A lot of my favorite games back in the early 90s sucked. I liked them despite them sucking, but they still had huge, massive flaws. I tolerated them then because the market was so small, but I'd be whining my head off about them if they showed up in a modern day, because my own standards have gone UP.
If you want some benchmarks to look at review scores...well, instead of comparing today's awesome RPG against Planescape: Torment (which, be honest, the combat system wasn't that great, D&D doesn't translate THAT well to computer, especially for non-tabletop fans), compare it against the legion of flash games out there, the legion of FREE or donationware little indie games out there, etc.
I posted about
Hero Core last night or so. It's a free indie metroidvania with a retro feel. It's great at doing exactly what it does...but is it objectively as good as Mass Effect, different genre notwithstanding? HELL no. It's short, the graphics are purposefully retro; if I saw it on a review site, I would *expect* it to get a score in the mid-high 60s, with a summary like "A decent way to spend a couple hours if you're a fan of the genre". It has VERY polished gameplay, but that's the score it deserves in my mind.
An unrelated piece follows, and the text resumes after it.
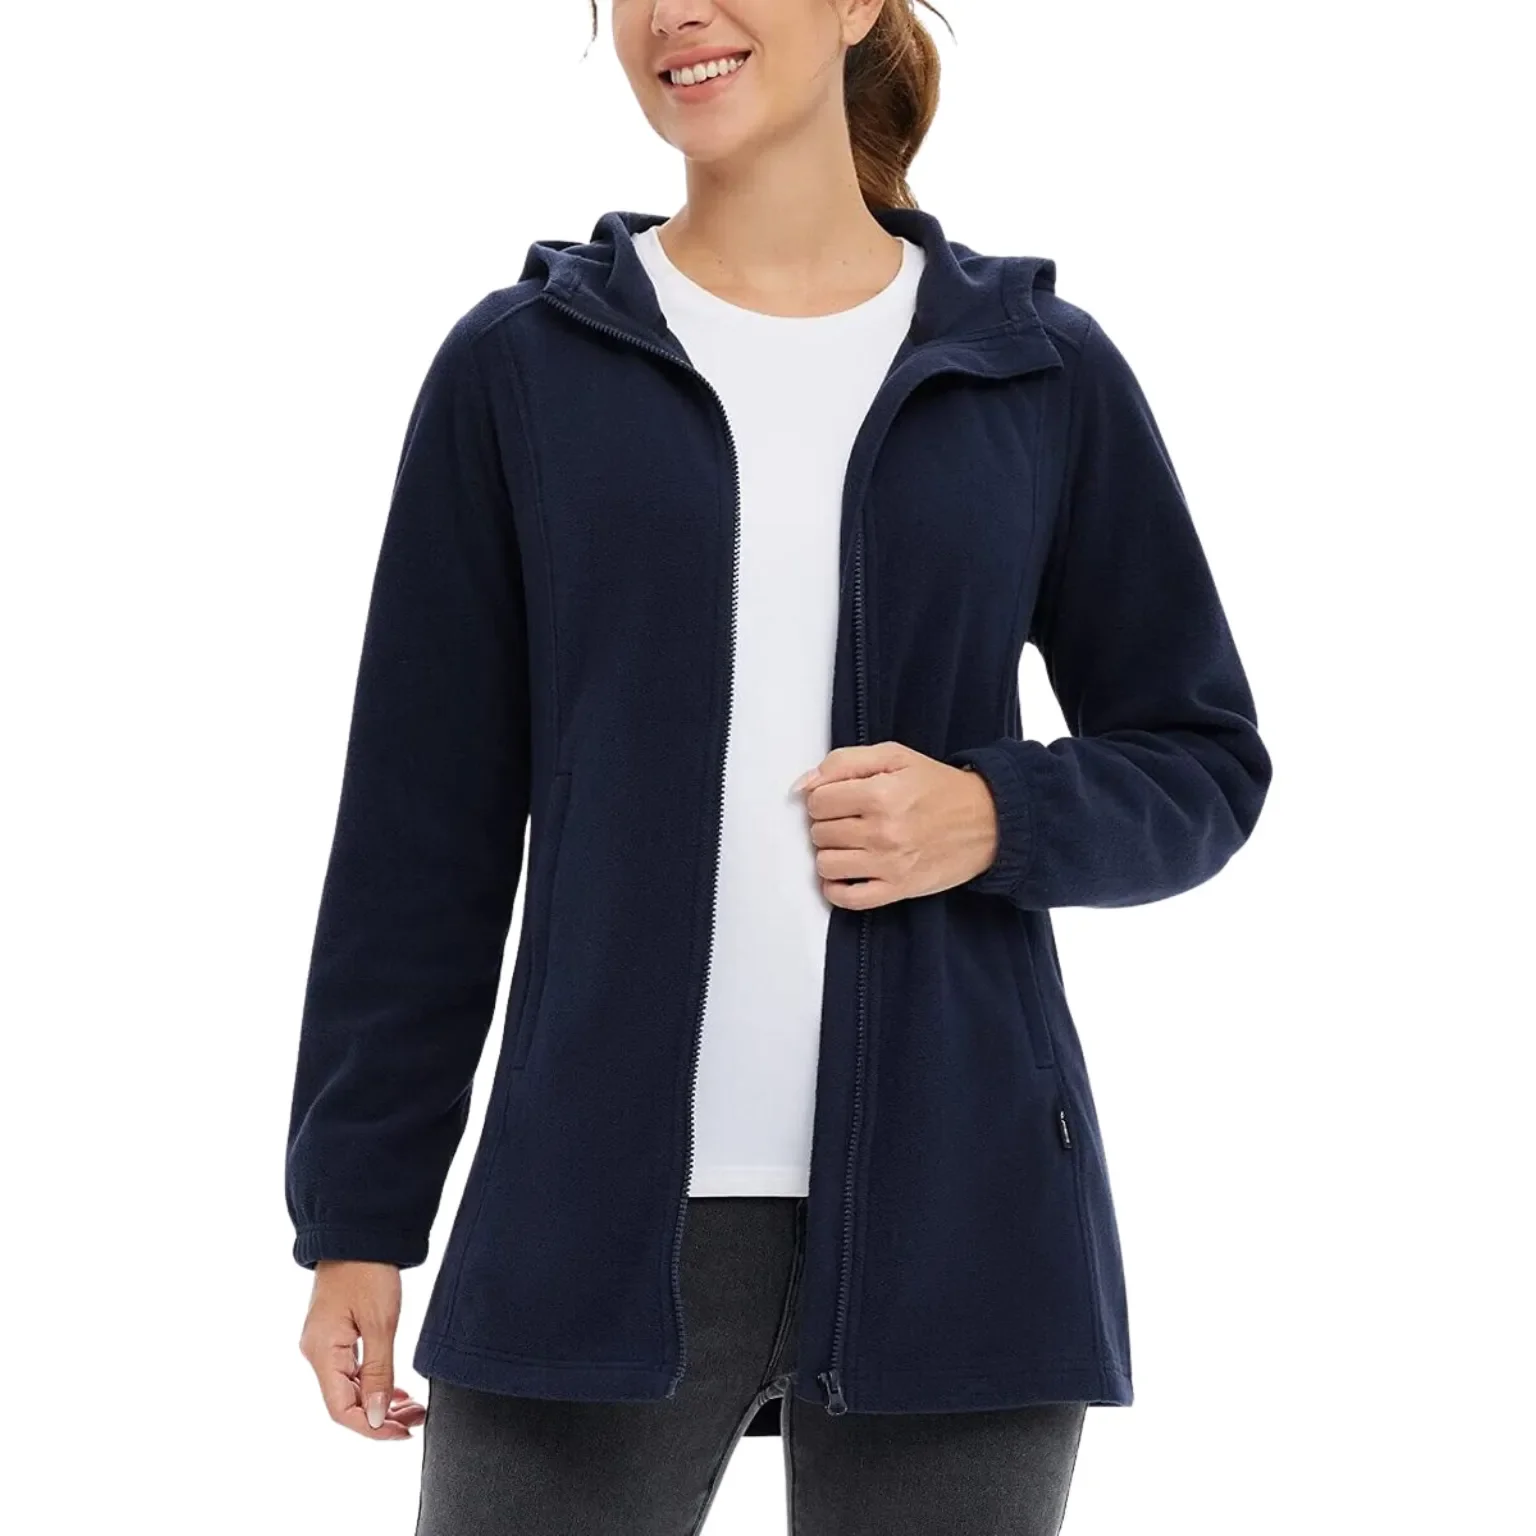 Fleece Jacket manufacturing with trendy design
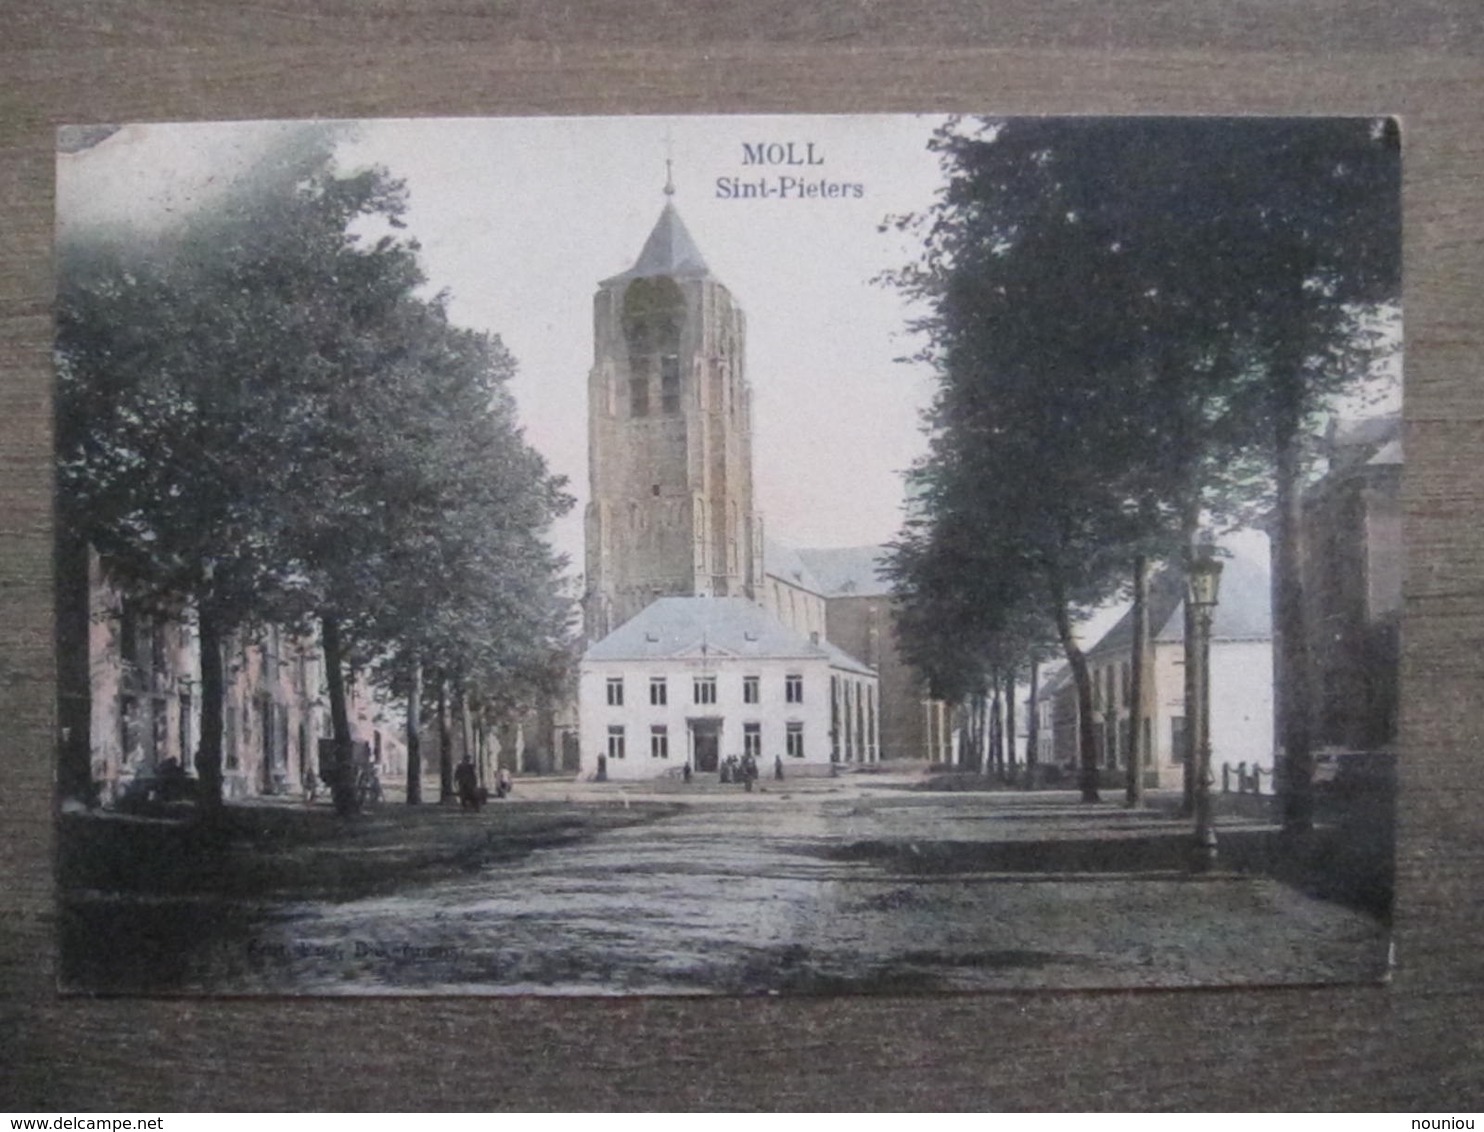 Cpa Moll Mol - Sint-Pieters - Place église - Calèches - 1908 - Marco Marcovici - Mol

What deserves lower than a high 60? Well, I still think that modern hits shouldn't be compared scorewise with other modern hits, but instead, with all games regardless of length. I thought that
Today I Die was a neat little artsy flash game. Great presentation, but hey, short, confusing, and at the end, you shed a single tear and then forget about it entirely. It's not a bad game, it just has zero lasting impact, it's confusing...I still liked it, but it does not deserve a high score. What does it deserve? Low 40s for a game you can play in five minutes (or 30 seconds if you know what to do).
There was some overhyped game called Time Fcuk on Newgrounds a while back. You could spend MANY hours on it, if you found it challenging, and if you liked playing with the level editor and sharing levels with others. But I really didn't like the execution at all, I didn't enjoy the game. Played it anyway because I was bored, but regardless of length, it gets a low 40s from me as well.
There's a ton of shareware-type games out there where you click to find objects on the screen, or to find differences, or whatever the hell. Some people like them, like my ex, but the graphics aren't great and the gameplay is quite middling. But they still do a "play for an hour free, then buy it"--so it's not just free games that I think are bad. Low 60s from me.
Today's tower defense faffle? Probably in the 50s. I could blow some hours on it, but I'd feel dirty afterwards.
What ranks in the 20s-40s range? One of those weird semi-Rube Goldberg games on Newgrounds, where you click the lever and the windmill pops up, then you click the windmill and it blows the seeds over to wherever and they start growing and open a door and whatever. There's some really bad ones out there.
Below 20s and it's not really playable but YOU CAN STILL FIND IT ON NEWGROUNDS, and the players still rate it 10/10, because Newgrounds users have terrible taste. I saw several people give a rating of 10/10 to a giant mecha dressup "game" (click a part of the mecha, and it cycles through a library of stuff). The sounds were way oversampled, the graphics weren't that great, and there was no "game" at all. It didn't even deserve a 10/100.
While I'm at it. The indie games that are a lot longer, a lot more worth playing, that I think EVERYONE on this board should play? Iji, which can easily eat up a week or three... High 70s, not quite low 80s. Imperfect controls, graphical style got a B for effort but a C for execution, the story really reached and did a great job--but it didn't follow through with all the promises of storyline branching that it sold to the player. It was a wonderful game. But there's no way it deserves a score in the 90s. Spelunky, which many players have an addiction to? I'd put that at low 70s. An awful lot of big-team games are better.
In all honesty, I probably overrated many (but not all) of these indie games. Ask yourself, "What would this indie game have to do to get a score in the 80s?" If the answer is "a hell of a lot, like better graphics, bugfixes, better controls, more game modes, a longer story, a broader story, and hell, why not multiplayer", here's a hint, it doesn't deserve a score in the 70s. That puts a lot of fun, quite-replayable, small-budget games in the 60s. (But not Iji, which is great.)
So, in summary.
NO. Standards are NOT slipping. Modern big-budget games, when compared against all the other games out there, are pretty darn good.